*Task directions*. Please set down the data word for word; images do not go in the copy.

[Opening Supplied information section]

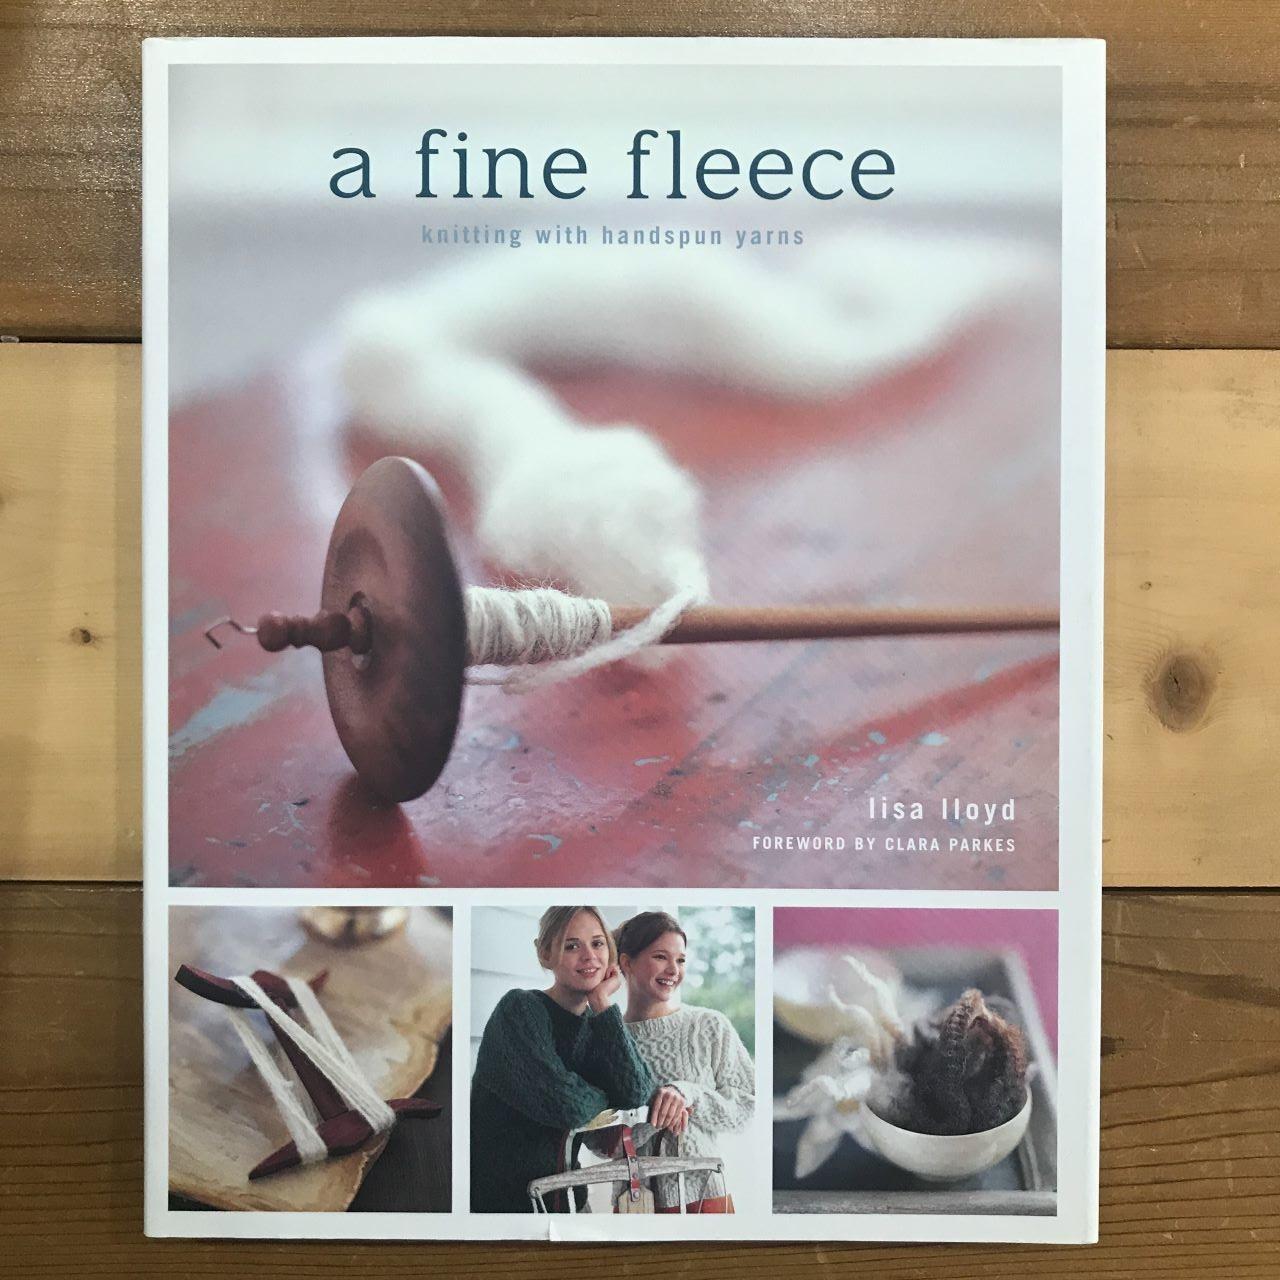 A Fine Fleece: Knitting with Handspun Yarn
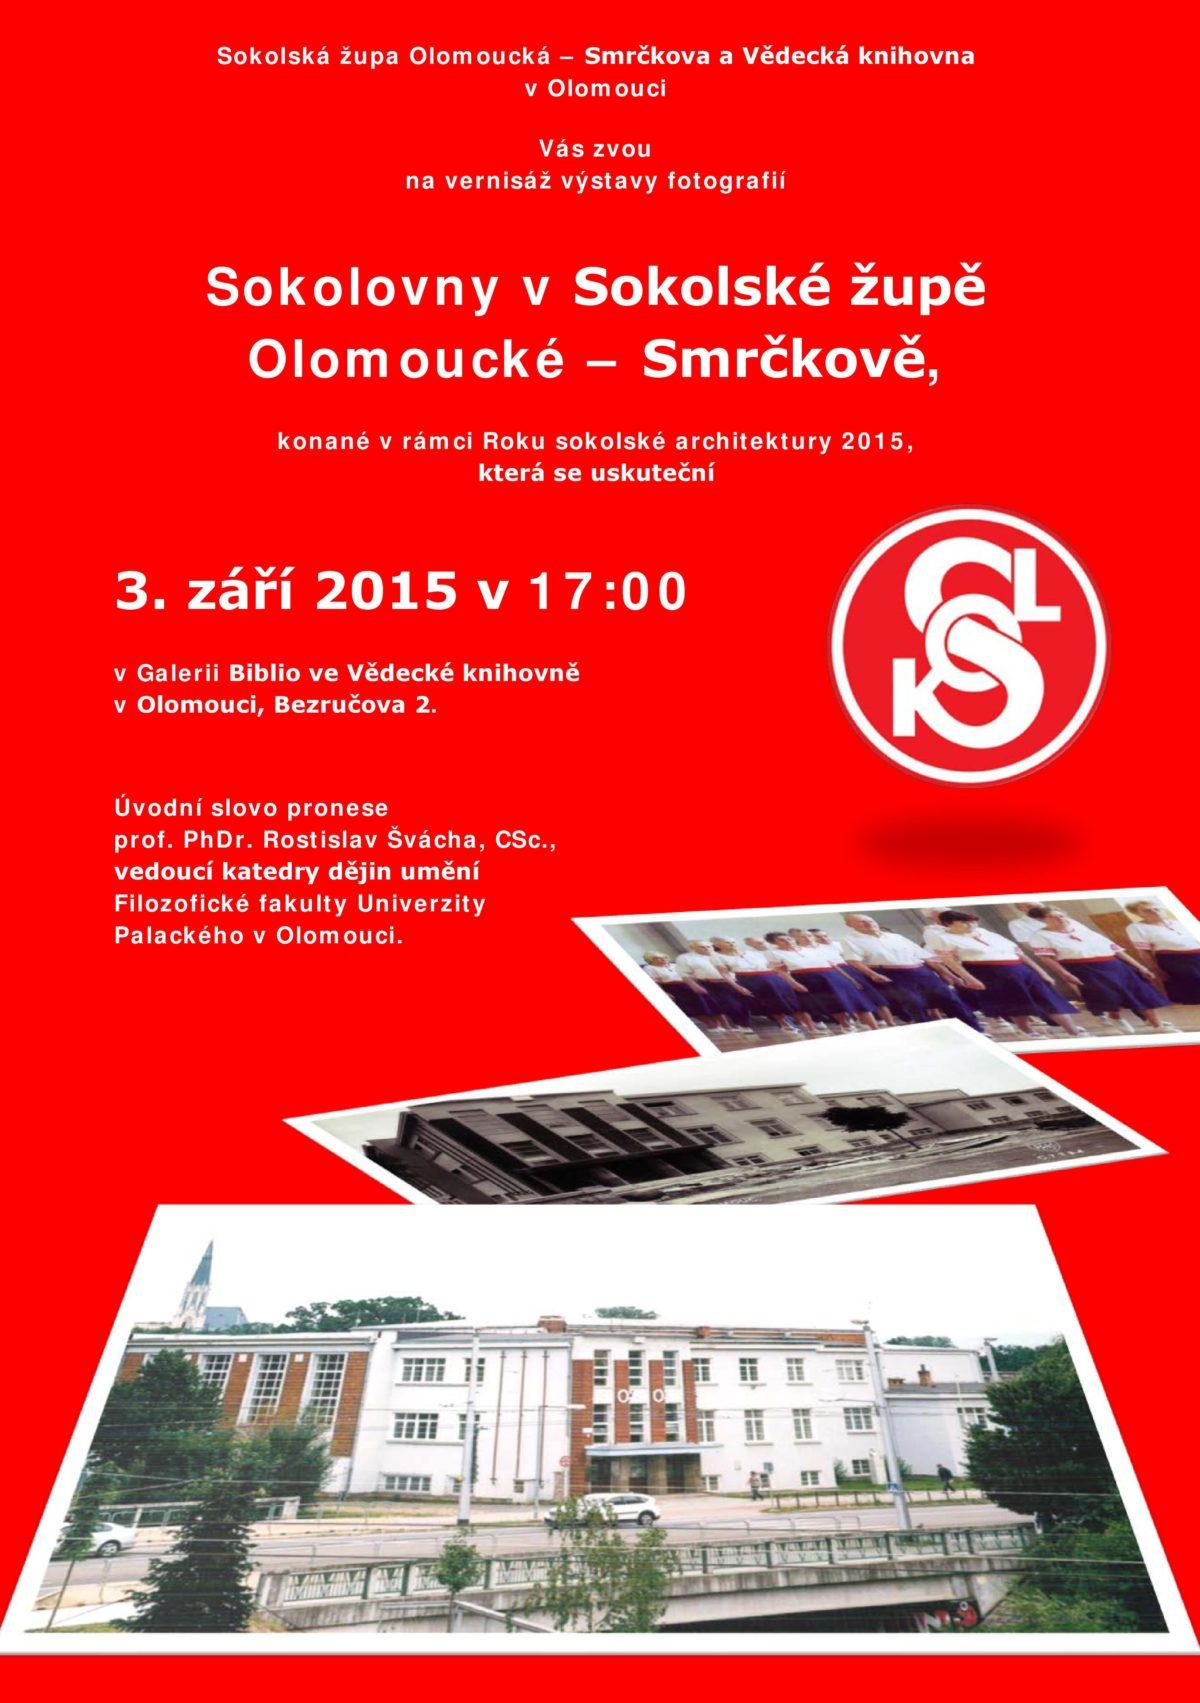 Výstava Sokolovny v sokolské župě Olomoucké–Smrčkově
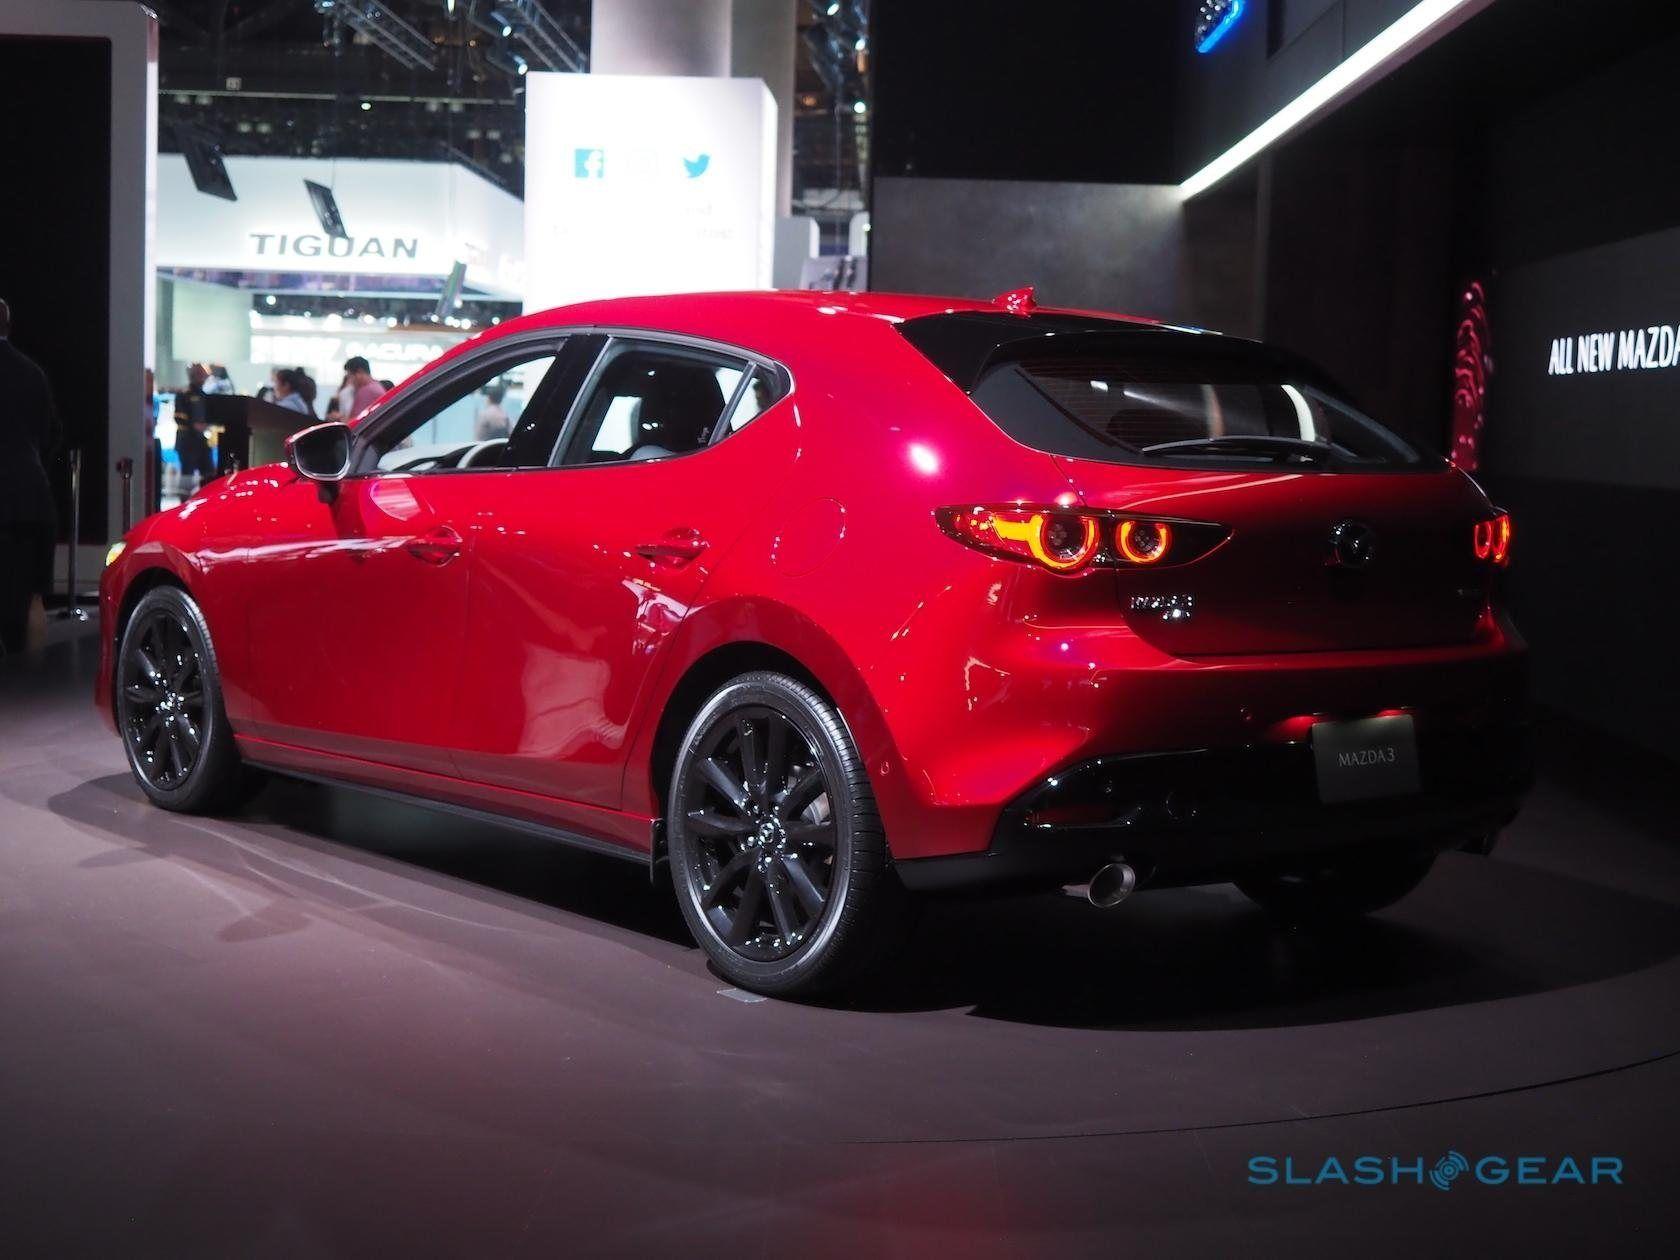 2020 Mazda Cx 9 Rumors Engine in 2020 Mazda cars, Mazda

[Closing Supplied information section]

*Written solution*.
 A Fine Fleece: Knitting with Handspun Yarn
 Výstava Sokolovny v sokolské župě Olomoucké–Smrčkově
 2020 Mazda Cx 9 Rumors Engine in 2020 Mazda cars, Mazda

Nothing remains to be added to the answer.